Dr Joseph Farrugia is a theologian, senior lecturer and Roman Catholic Monsignor who served as the representative of the Maltese Episcopal Conference to the Commission of the Bishops' Conferences of the European Community. He currently serves as Vicar of the parishes of Mallemort, Alleins, Charleval and Vernègues in the Diocese of Aix, France.

==Academic Achievements==
Joseph Farrugia was born in Victoria, Gozo on February 19, 1954. After completing his philosophical and theological training at the Gozo Major Seminary, Reverend Farrugia undertook his post-graduate studies in theology obtaining a S.Th.L. in Dogmatic theology and his doctorate in Fundamental theology at the Pontifical Gregorian University in Rome.

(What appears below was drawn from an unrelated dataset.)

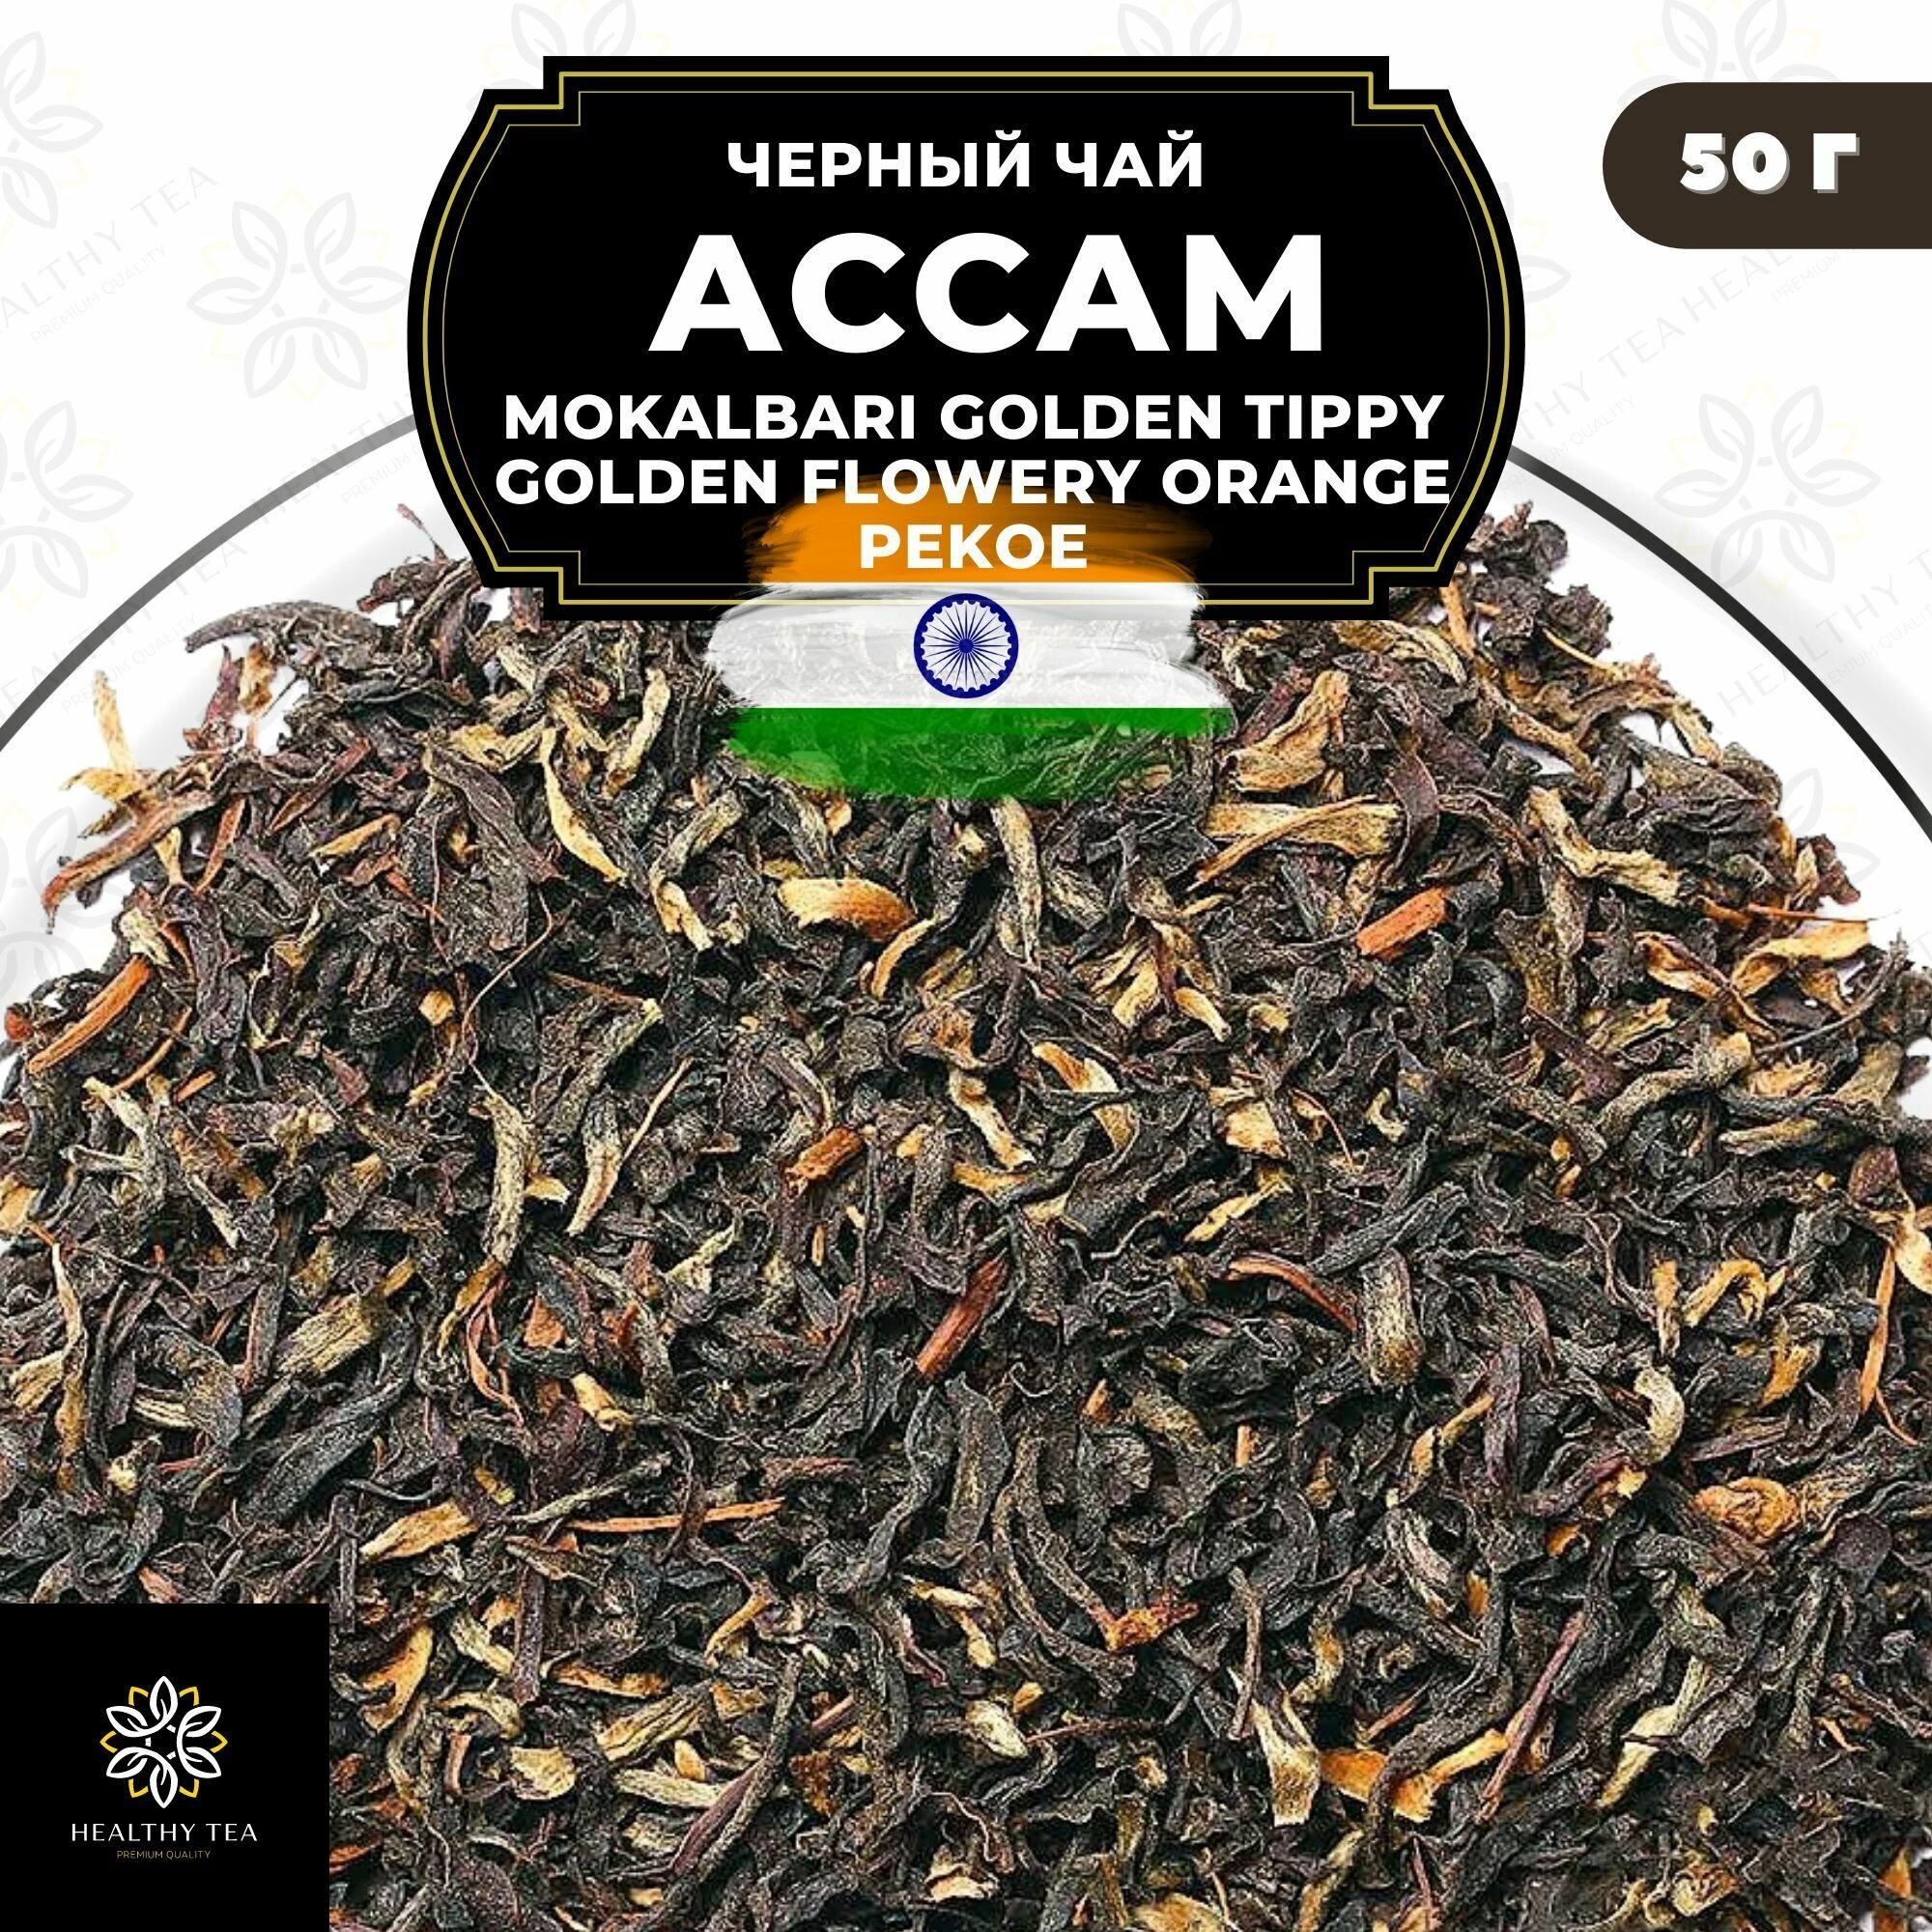 Индийский Черный чай Ассам Mokalbari Golden Tippy Flowery Orange Pekoe (GTGFOP) Полезный чай / HEALTHY TEA, 50 гр
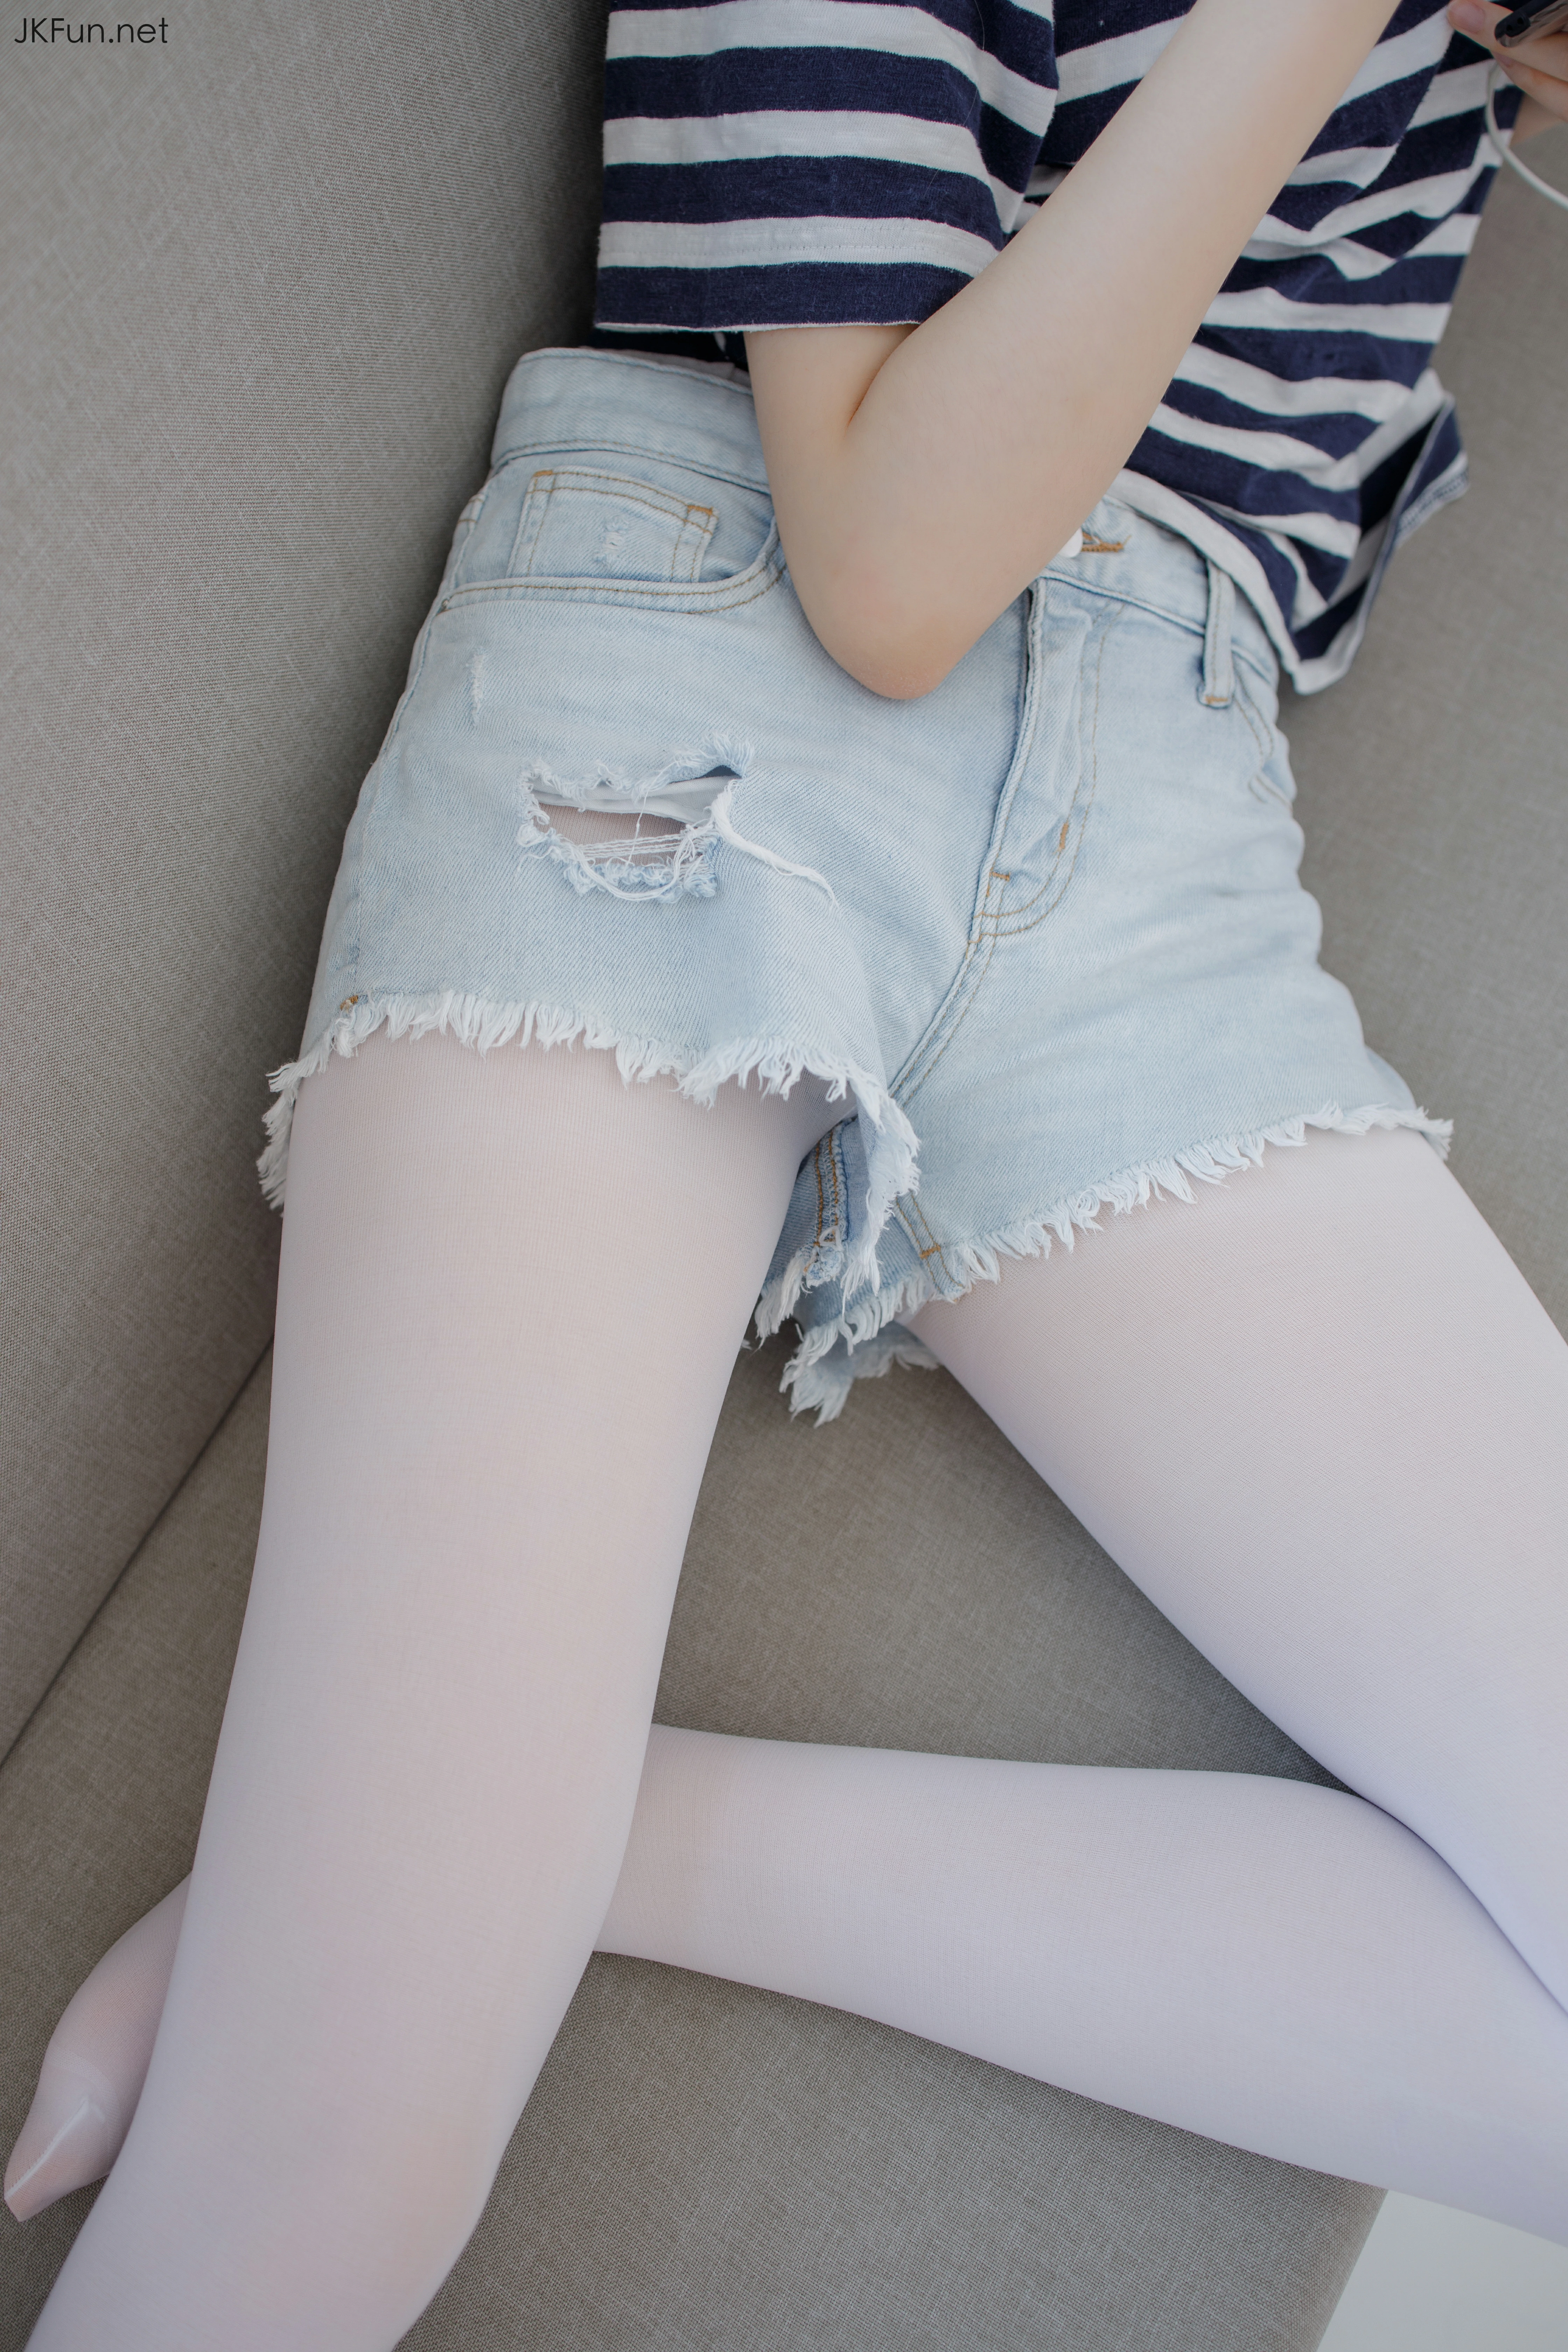 [森萝财团]JKFUN-020 80D白丝 Aika 蓝白短袖与牛仔热裤加白色丝袜美腿玉足性感私房写真集,

Moreover Dr Farrugia also studied philosophy at the Pontifical Lateran University and Islamology at the Pontifical Institute of Arab and Islamic Studies. In 1983 he became a lecturer in theology at the Sacred Heart Major Seminary of Gozo and in 1988 he joined the Faculty of Theology at the University of Malta where he still lectures in fundamental theology and ecumenism. Dr Farrugia has also given courses in Mediterranean civilizations and religions. On behalf of the new University of Malta's Gozo Centre, Dr Farrugia coordinated several highly successful series of public lectures focusing on the history and culture of the island. He is the author of The Church and the Muslims and contributor to various international theological publications.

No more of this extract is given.